District Judge Michael Moses’ decision settles the case, for now, after the state Supreme Court offered the same opinion earlier in the year.
We couldn’t be less surprised by the outcome.
Legislators who backed these measures were warned long ago about the likelihood of costly litigation, and that the flimsy legislation would face deep judicial scrutiny.
Yet, they put on their blinders and forged ahead anyway — presenting no certain evidence that Montana’s election system is weak or in peril, or that these new laws are justified.
Judge Moses offered as much in his damning 200-page ruling.
“Voter fraud in Montana is vanishingly rare,” Moses wrote.
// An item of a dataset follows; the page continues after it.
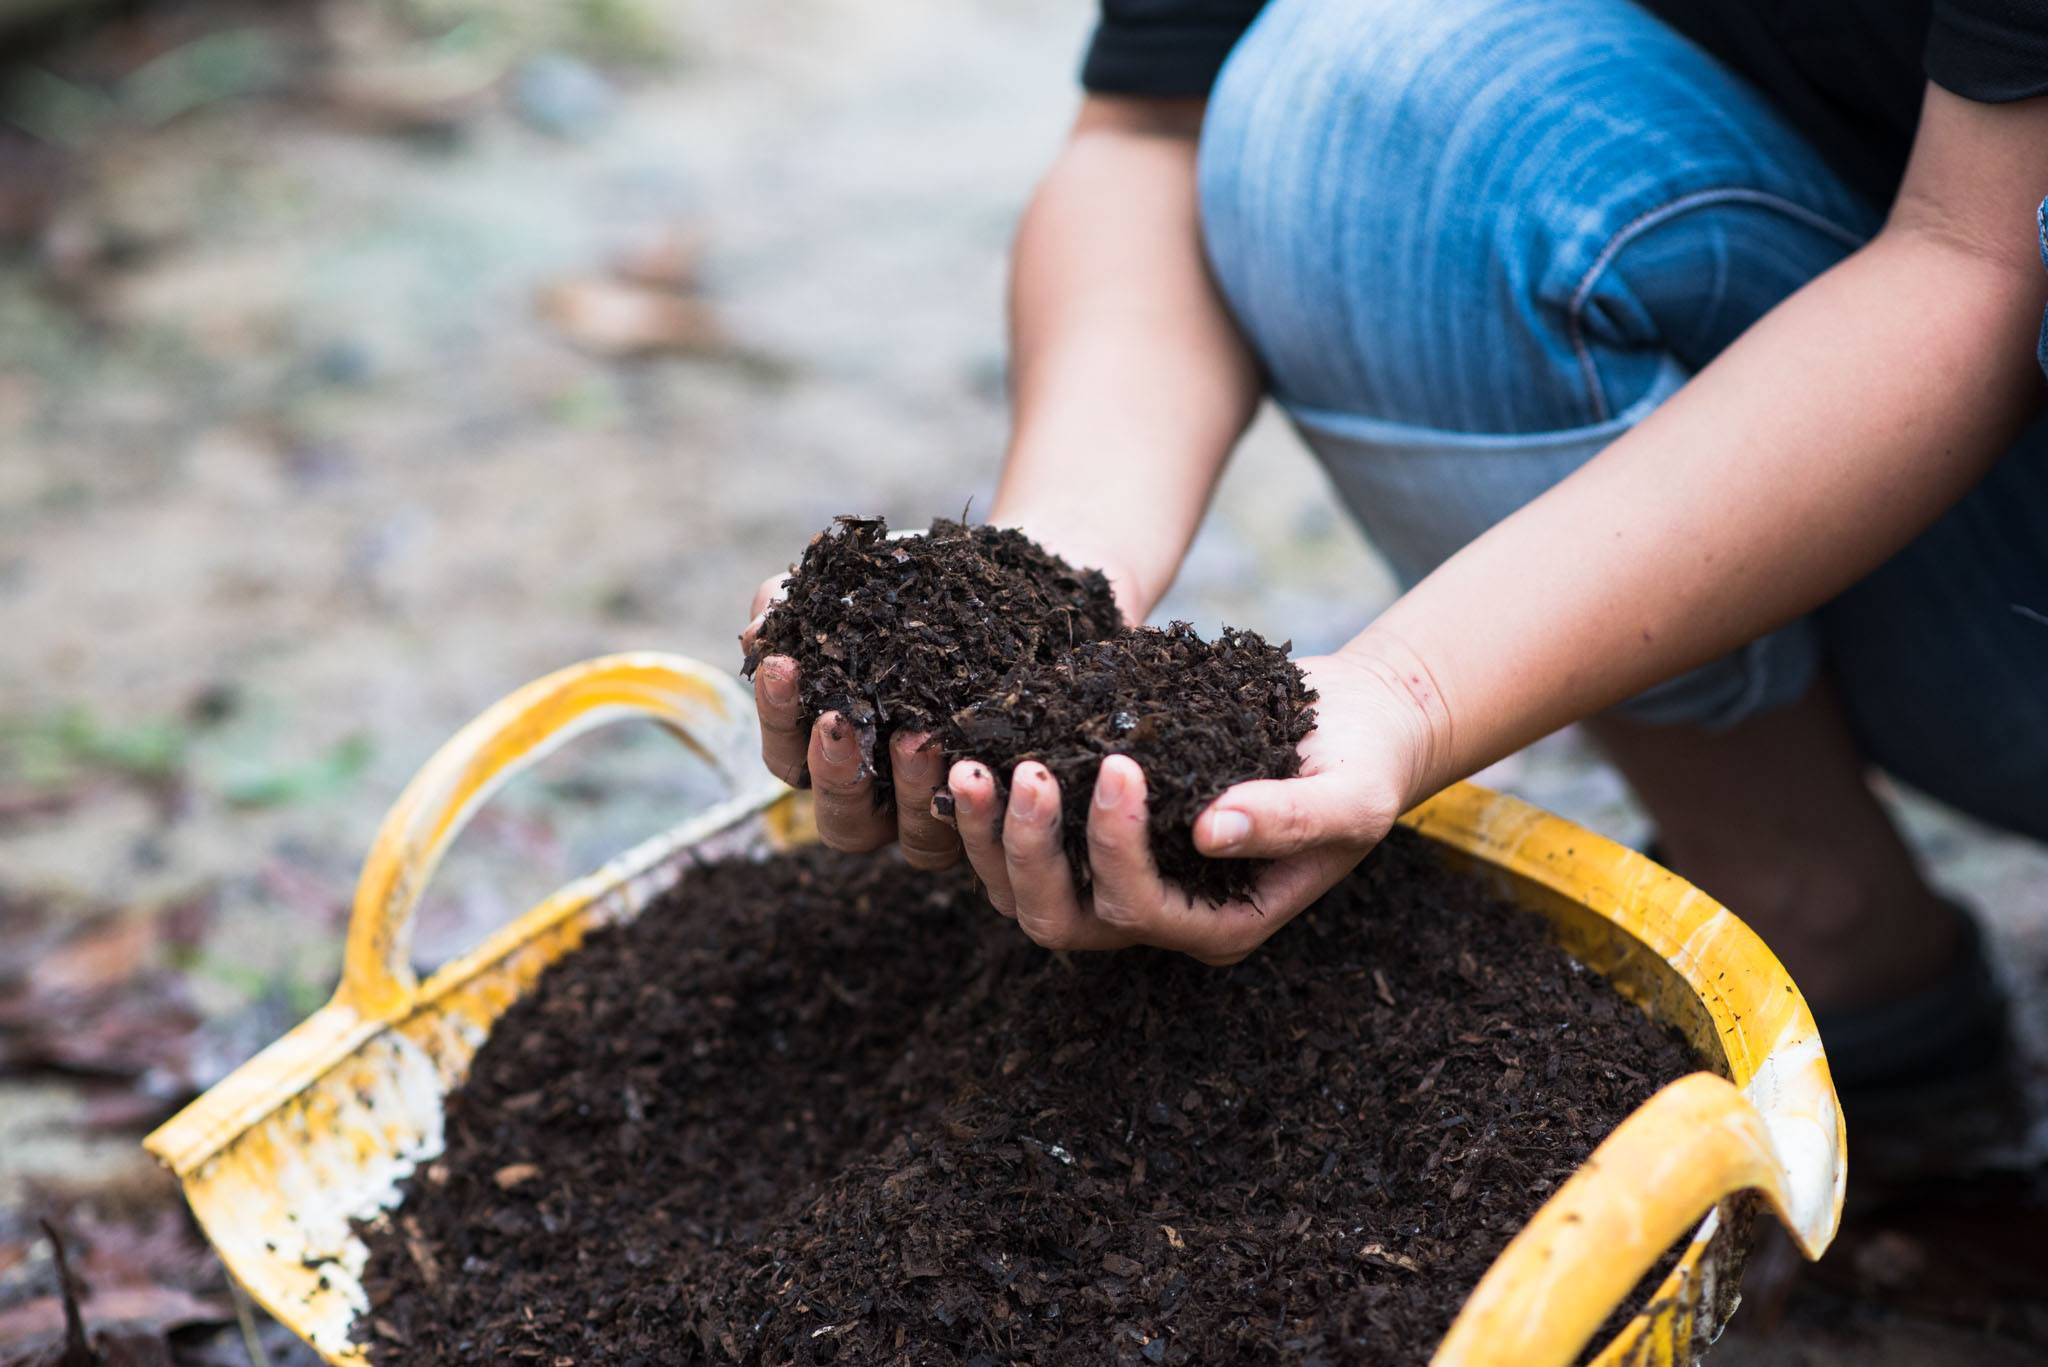 The long-term benefits of compost include the improvement of soil properties physically (structurally), chemically (nutritionally), and biologically. Organic compost also suppresses plant diseases, binds contaminants, degrades compounds, provides wetland restoration, and controls erosion and weeds.

He added that there were “significant signs” that the ballot collection law had a discriminatory purpose against Native American voters, and said the student ID law had been enacted by Republican lawmakers “to reduce voting by young people for perceived political benefit.”
The ballot collection law, in particular, has repeatedly been found unconstitutional, which Moses strongly noted.
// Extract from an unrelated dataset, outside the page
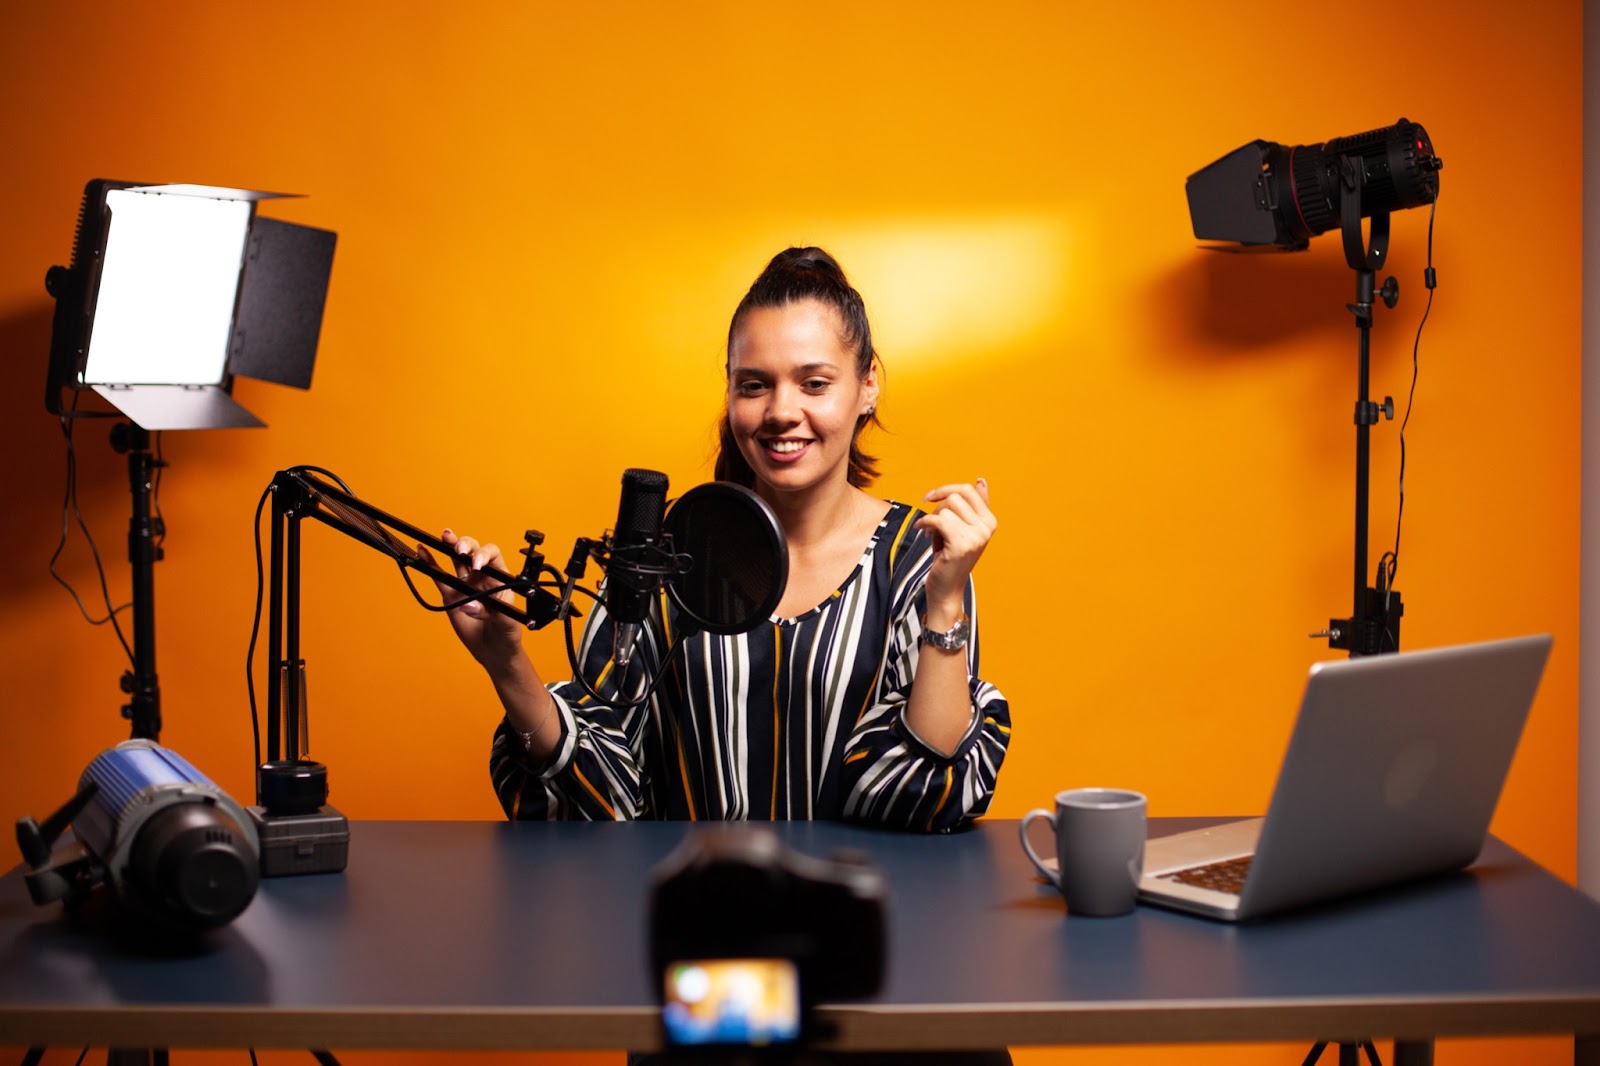 Content creator in home studio with microphone and lamps

Montana Secretary of State Christi Jacobsen “presented no evidence that the Legislature considered what was unconstitutional about [the Ballot Interference Prevention Act] or made any effort to craft [the law] to remediate the access issues identified by the court,” he wrote.
“To the contrary, the one legislator that the Secretary called to testify at trial stated that he did not study impediments on Native American voters when ballot collection is restricted, did not read the opinions finding BIPA unconstitutional, made no effort to learn why BIPA was held unconstitutional, but nonetheless support [the legislation].”
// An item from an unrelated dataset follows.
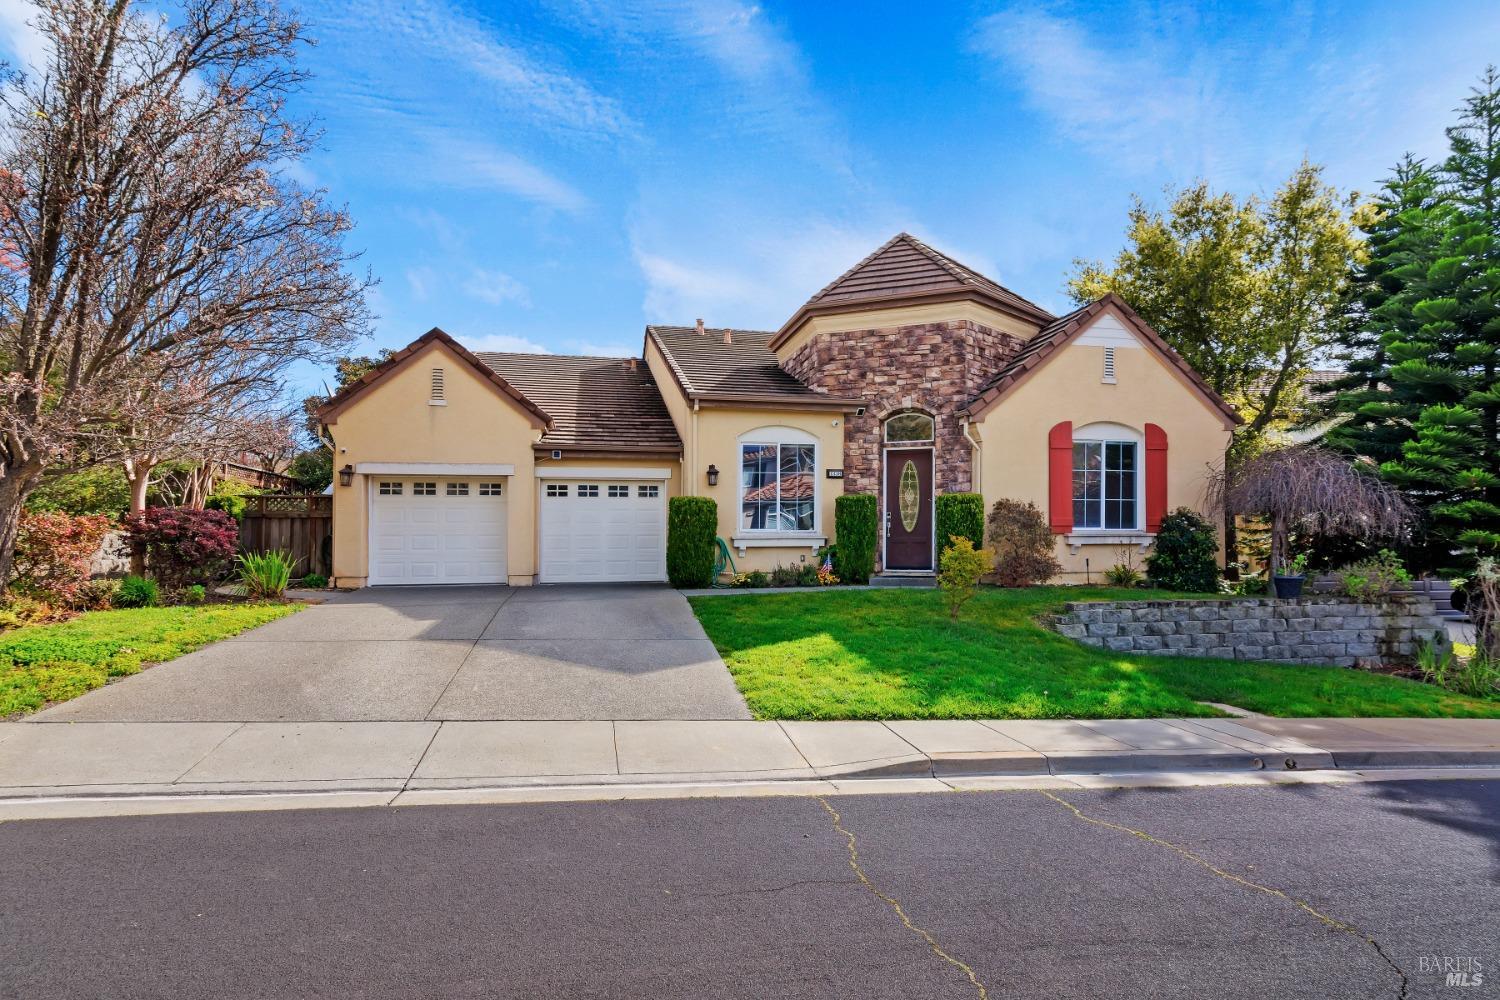 Photo of 1338 Swainson Ct in Vallejo, CA

What’s more, the legal cost to defend these unconstitutional laws is estimated at $1.2 million and counting. That figure easily surpassed the $100,000 budgeted for such legal affairs, according to a September report to the Revenue Interim Committee.
Local Republican legislators who supported these new laws have said they were not intended to restrict voting access, but rather were aimed, in part, at lessening the workload for local election departments so they can conduct a more secure election.
Overburdened and under-staffed election departments are a worthy concern. But wouldn’t it have been better for the state to disperse $1.2 million in grants so local election departments could hire extra helpers to assist with same-day voter registration and checking IDs, as opposed to lining another attorney’s pockets with taxpayer dollars?
It’s unclear if Moses’ decision will be the last word. Jacobsen’s office said after the ruling she is “not going to let down the fight,” but didn’t commit to an appeal.
If this type of legislation comes up again in 2023, we can only hope Montana’s elected officials will be more clear-eyed and prudent in crafting voting laws that can withstand intense judicial scrutiny. Otherwise, a portion of the projected $1.4 billion surplus might need to be carved out to pay the long line of attorneys hungry for yet another payday at taxpayers’ expense.